European Central Bank (ECB) member Fabio Panetta says the digital euro could pass negative interests rates to customers, Bloomberg writes.
Panetta, speaking at an event on Wednesday (Feb. 10), said officials who wanted to prevent bank runs could make hoarding digital money an unattractive option through penalizing remuneration of holdings more than 3,000 euros.
The concern among many officials is that consumers, with the option of digital money available directly with the financial authority of a country, would then set about draining their bank accounts and cause fiscal instability.
According to Panetta, interest rates of -1 percent or -2 percent on a central bank digital currency might not provide much deterring for people to do so during acute shocks to the system. He said the system would have to incorporate “highly penalizing” tiered remuneration.
That said, he also acknowledge this system could go too far in the opposite direction.
“For example, in times of crisis it could be necessary to adjust the remuneration of the digital currency, but this could signal that the central bank is anticipating financial tensions, leading to self-fulfilling instability,” he said, according to Bloomberg.
The ECB is one of the biggest global banks looking into a digital currency.

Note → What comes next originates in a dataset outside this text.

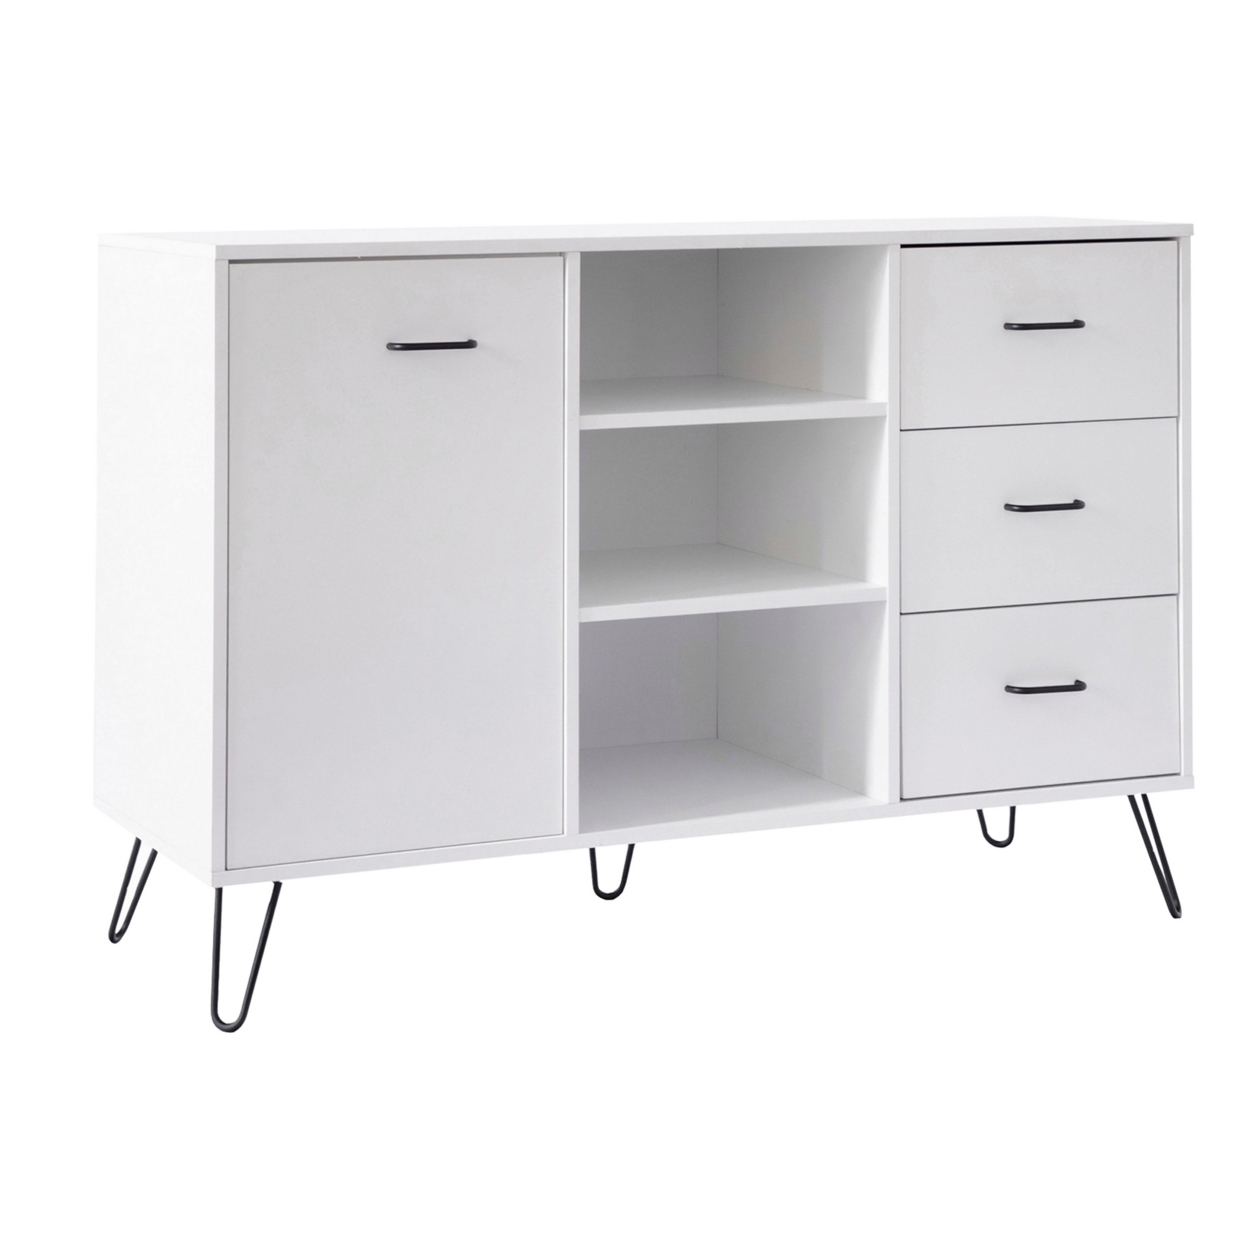 49 Inch Sideboard Buffet Console Cabinet With 3 Drawers, White, Saltoro Sherpi

The bank and the European Commission have both begun working on the specifics of how one would be implemented. This comes as people have increasingly used digital methods of payment since the pandemic began. According to the ECB, a digital euro could help complement the physical currency and already-existing payment methods in the private sector.
The ECB is expected to decide by the middle of the year if it’s going to proceeds with the digital euro.
Thus far, only the ECB’s deposit facility is negative, Bloomberg writes, which discourages banks from holding onto excess liquidity and helps to boost lending. Not many banks in the area have passed on that charge to customers — any such move could provoke heavy criticism.